本発明は上記に鑑みなされたものであり、高い印画濃度が得られ、塗布欠陥が抑制されたインクジェット記録媒体の製造方法を提供することを目的とし、該目的を達成することを課題とする。
【課題を解決するための手段】
【0008】
前記課題を解決するための具体的手段は以下のとおりである。
<1> 支持体上に、少なくとも、(A)気相法シリカ及び水溶性バインダーを含む塗布液Aと、(B)擬ベーマイト状アルミナ水和物を含み、該擬ベーマイト状アルミナ水和物に対する水溶性バインダーの含有率及び該擬ベーマイト状アルミナ水和物に対する架橋剤の含有率がいずれも3質量%未満である塗布液Bと、(C)架橋剤を含む塗布液Cと、を該支持体側からこの順となるように塗布してインク受容層を形成する工程を含むインクジェット記録媒体の製造方法である。
<2> 前記気相法シリカ及び前記擬ベーマイト状アルミナ水和物の平均一次粒子径が3〜20nmであることを特徴とする<1>に記載のインクジェット記録媒体の製造方法である。
【0009】
<3> 前記支持体が原紙であり、形成された前記インク受容層の表面が鏡面ロールを有するカレンダー装置によりカレンダー処理されていることを特徴とする<1>又は<2>に記載のインクジェット記録媒体の製造方法である。

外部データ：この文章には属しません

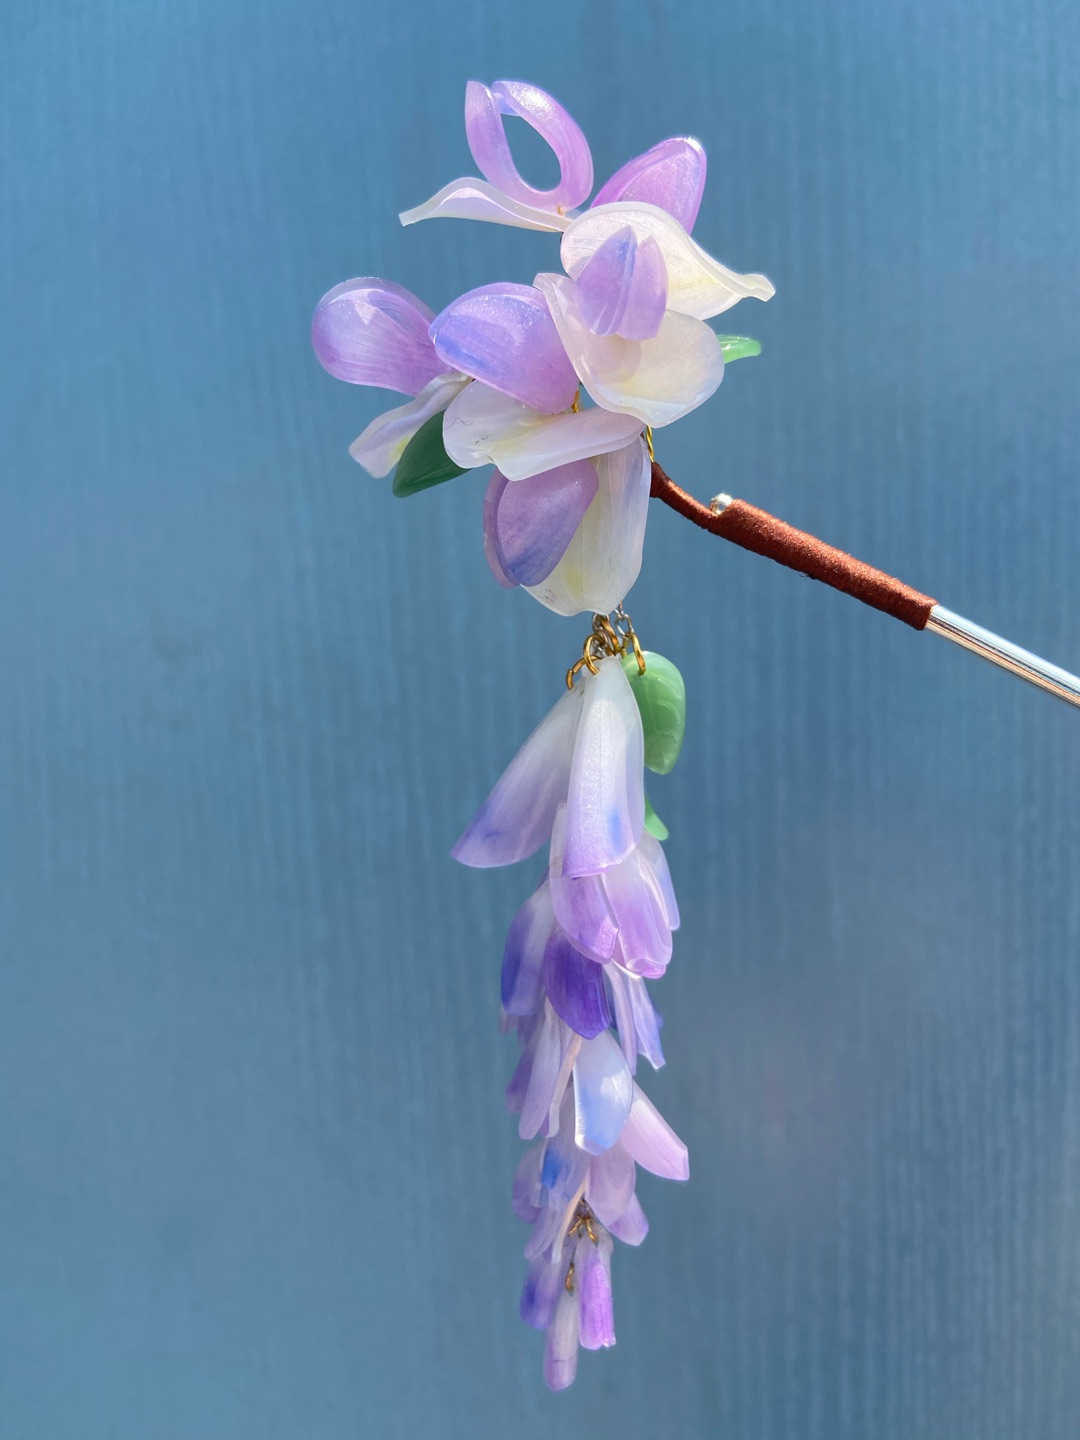 紫藤的小花瓣弄得多是很好看，还有摩擦产生的叮叮当当的声音。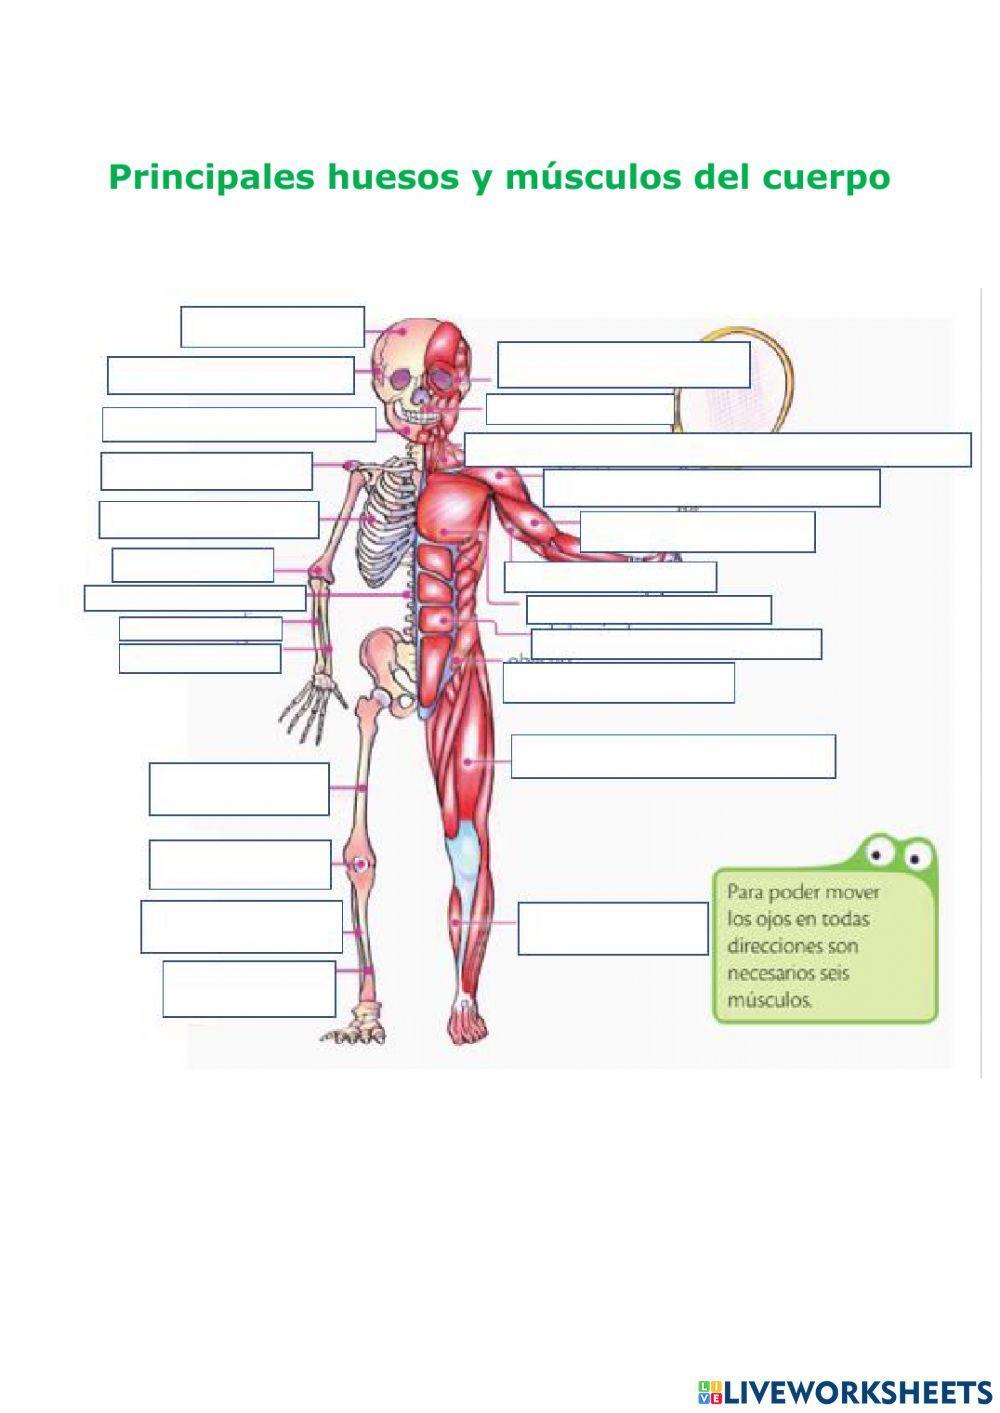 Principales huesos y músculos del cuerpo

<4> 前記支持体が耐水性支持体であることを特徴とする<1>又は<2>に記載のインクジェット記録媒体の製造方法である。
【発明の効果】
【0010】
本発明によれば、高い印画濃度が得られ、塗布欠陥が抑制されたインクジェット記録媒体の製造方法を提供できる。
【発明を実施するための最良の形態】
【0011】
以下、本発明のインクジェット記録媒体の製造方法について詳細に説明する。
本発明のインクジェット記録媒体の製造方法は、支持体上に、少なくとも、(A)気相法シリカ及び水溶性バインダーを含む塗布液Aと、(B)擬ベーマイト状アルミナ水和物を含み、該擬ベーマイト状アルミナ水和物に対する水溶性バインダーの含有率及び該擬ベーマイト状アルミナ水和物に対する架橋剤の含有率がいずれも3質量%未満である塗布液Bと、(C)架橋剤を含む塗布液Cと、を該支持体側からこの順となるように(即ち、該支持体側からみて塗布液A、塗布液B、塗布液Cの順となるように)塗布してインク受容層を形成する工程を含んで構成される。インク受容層は、必要に応じ更にその他の塗布液を塗布して形成されていてもよい。
【0012】
擬ベーマイト状アルミナ水和物は印画濃度の向上に寄与する成分であるが、インク受容層に、擬ベーマイト状アルミナ水和物、水溶性バインダー及び架橋剤を含有させる系では凝集や塗布液の増粘が起こりやすく、該塗布液を塗布して形成された塗布層に塗布欠陥が生じやすいことが明らかとなった。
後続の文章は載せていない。